Den Samstagabend hatte Jana für einen ausgiebigen Spaziergang mit Usti genutzt, hatte danach zur Ablenkung einen Rotweinkuchen gebacken und war dann recht früh schlafen gegangen. Da es keinen Grund dafür gab, früh aufzustehen, war sie am Sonntagmorgen länger als gewöhnlich im Bett liegen geblieben. Erst der Stups von Ustis kalter Nase gegen ihren Oberarm konnte sie zum Aufstehen bewegen. Spaziergang und Frühstück lagen hinter ihr, als sie sich den Aufnahmen von gestern widmete. Sie hatte nicht nur mit der großen Kamera fotografiert, sondern auch mit ihrem Handy. Jana schickte einige der Aufnahmen an ihre Mailadresse, sodass sie diese auf ihrem Laptop ansehen konnte. Vergrößerte Ausschnitte, stellte Vergleiche zu ihrem ersten Eindruck vom Arbeitszimmer des Opfers an, dachte nach, machte sich weitere Notizen. Doch sie fand nichts Auffälliges. Vielleicht ja doch: Der Mann, der sich unberechtigterweise Zutritt verschafft hatte, hatte keine Unordnung hinterlassen. Es wirkte vielmehr so, als habe er nicht lange nach dem suchen müssen, worauf er es abgesehen hatte. Was hatte sich nur auf Daniel Benders Laptop befunden, woran hatte er gearbeitet? Was war so brisant, dass man nach seinem Leben trachtete? Oder hatte ein Dritter die Rechercheergebnisse gestohlen, um damit jemanden zu erpressen? Das würde bedeuten, dass eine weitere Person über die Recherchen Bescheid wusste. Wie dem es auch sei, alles lief auf eines heraus: Sie musste unbedingt in Erfahrung bringen, woran Daniel Bender gearbeitet hatte.

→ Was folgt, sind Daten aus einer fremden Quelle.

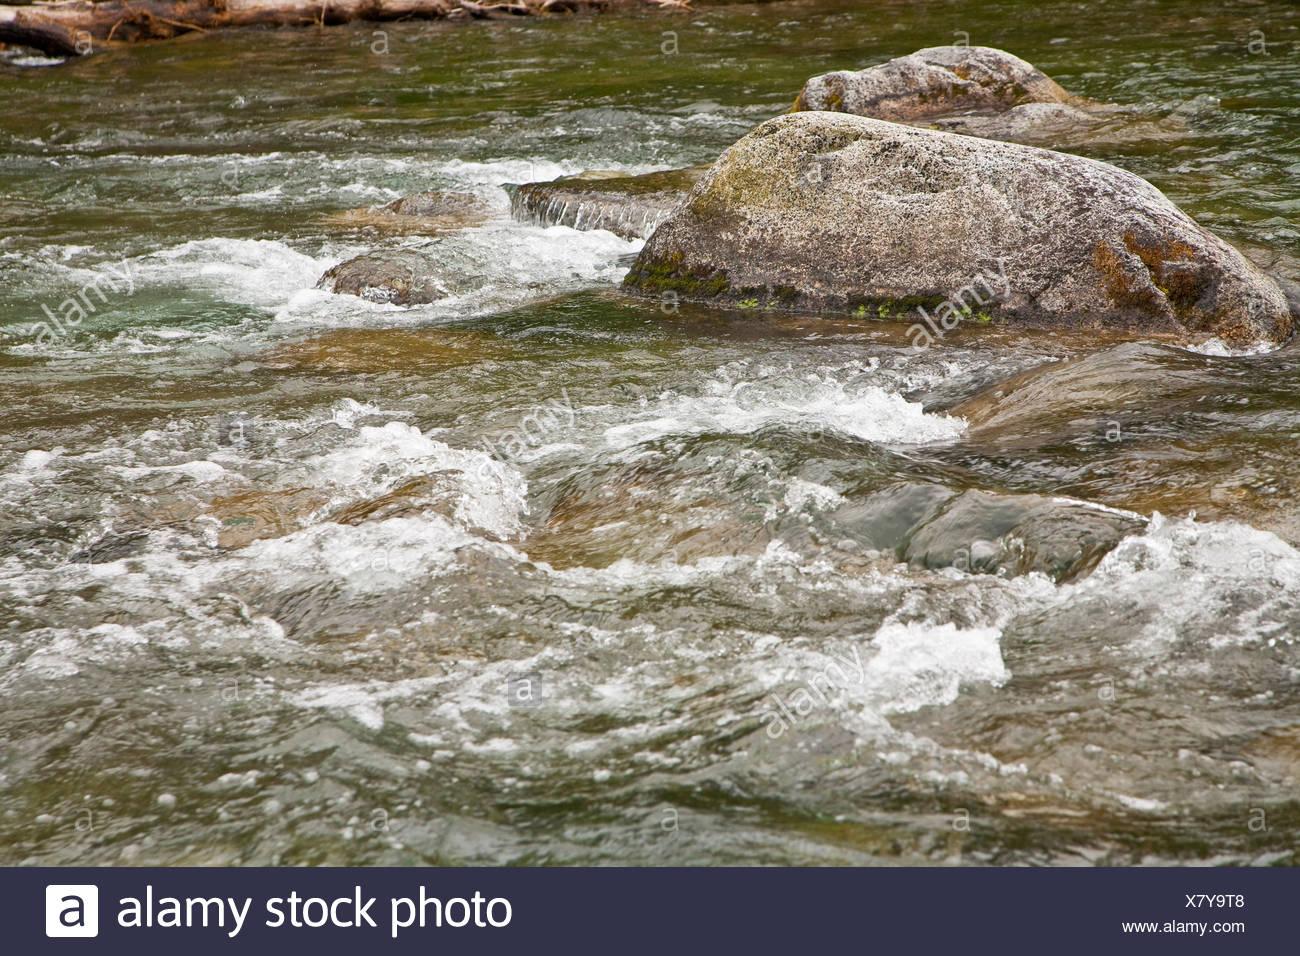 El agua del río que fluye río abajo alrededor de las rocas Imagen De Stock
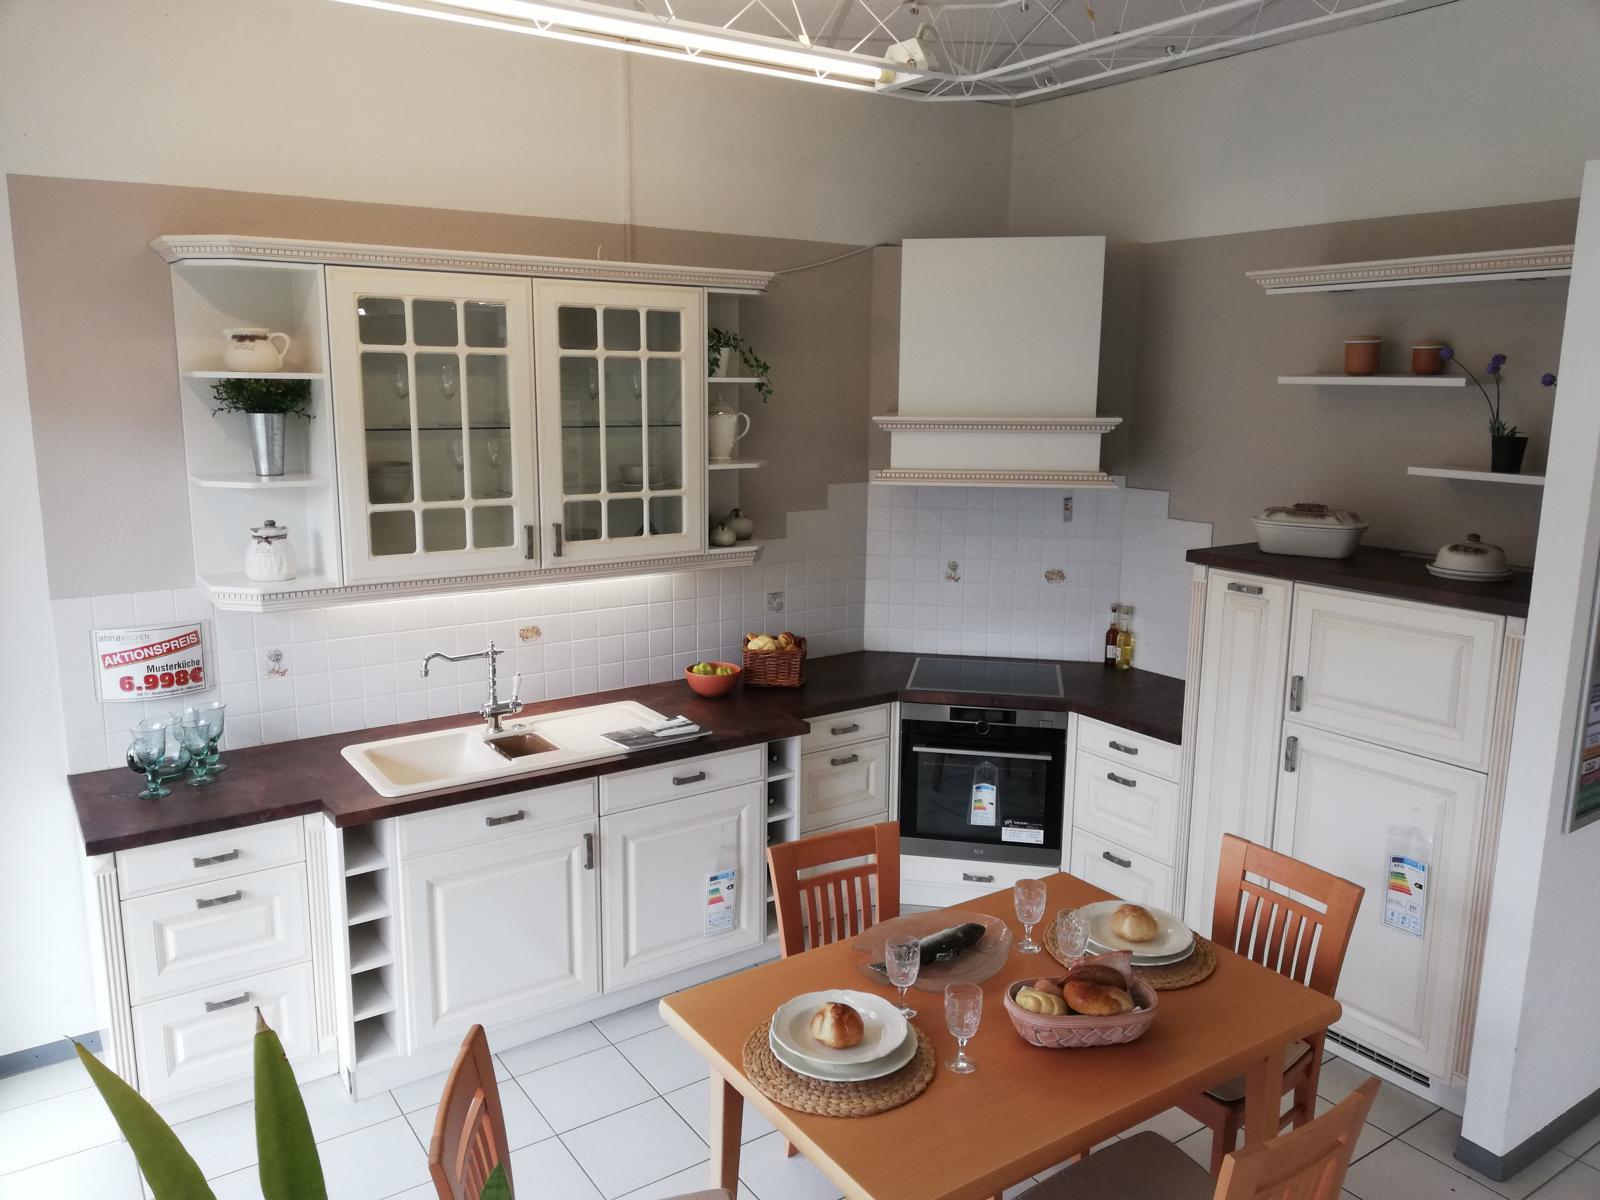 Full Size of Landhausküche Musterkchen Landhauskche Mit Lackierten Rahmenfronten Modell Moderne Weiß Gebraucht Grau Weisse Küche Landhausküche

Jana hatte über ihre Gedanken hinweg die Zeit aus den Augen verloren. Sie machte sich ein Sandwich und schnitt sich ein Stück vom Rotweinkuchen ab. Die kleinen Schokoladenstückchen, die sie hineingegeben hatte, schmolzen langsam im Mund. Usti war müde und hatte kein Interesse an einem Spaziergang durch die nachmittägliche Sommerhitze. Jana gab Daniel Benders Namen in die Suchmaschine ihres Browsers ein und hoffte, so zu erfahren, zu welchen Themen er bevorzugt journalistisch tätig gewesen war. Frühe Artikel hatte er vorwiegend in den Lokalzeitungen zwischen Rhein und Ahr veröffentlicht. Er benutzte das Kürzel »bend«. Diese umfassten das typische Spektrum vom Polizeibericht, über Vereinssitzungen bis hin zu Kulturveranstaltungen. Im letzten Jahr hatte er sich entweder anderen Themen zugewandt oder er hatte begonnen, für andere Zeitungen zu arbeiten, jedenfalls fehlten Artikel mit seinem Kürzel oder seinem vollständigen Namen in den lokalen Zeitungsausgaben. Oder war er nicht mehr als Journalist tätig? Zu gerne hätte Jana Katrin Anders befragt, ob vor etwa einem Jahr etwas geschehen war, was das Leben von Daniel Bender in eine neue Richtung gelenkt hatte, oder er sich aus eigenem Antrieb neu orientiert hatte. Aber wenn sie sich richtig erinnerte, ging Katrin Anders immer noch davon aus, dass ihr verstorbener Freund bis zu seinem Tod als Journalist gearbeitet hatte. Dazu passte, dass das Ausstelldatum seines Presseausweises recht aktuell war. Sie schrieb ein kurzes Memo über ihre Auswertungsergebnisse und leitete es als verschlüsselte Mail an Clemens weiter. Da sie nicht so recht wusste, was sie mit sich anfangen sollte und Usti nicht hinauswollte, entschloss sie sich, mit dem Fahrrad nach Bad Neuenahr zu fahren und in den Ahr-Thermen den Tag ausklingen zu lassen. Vielleicht wirkte die Umgebung inspirierend auf sie.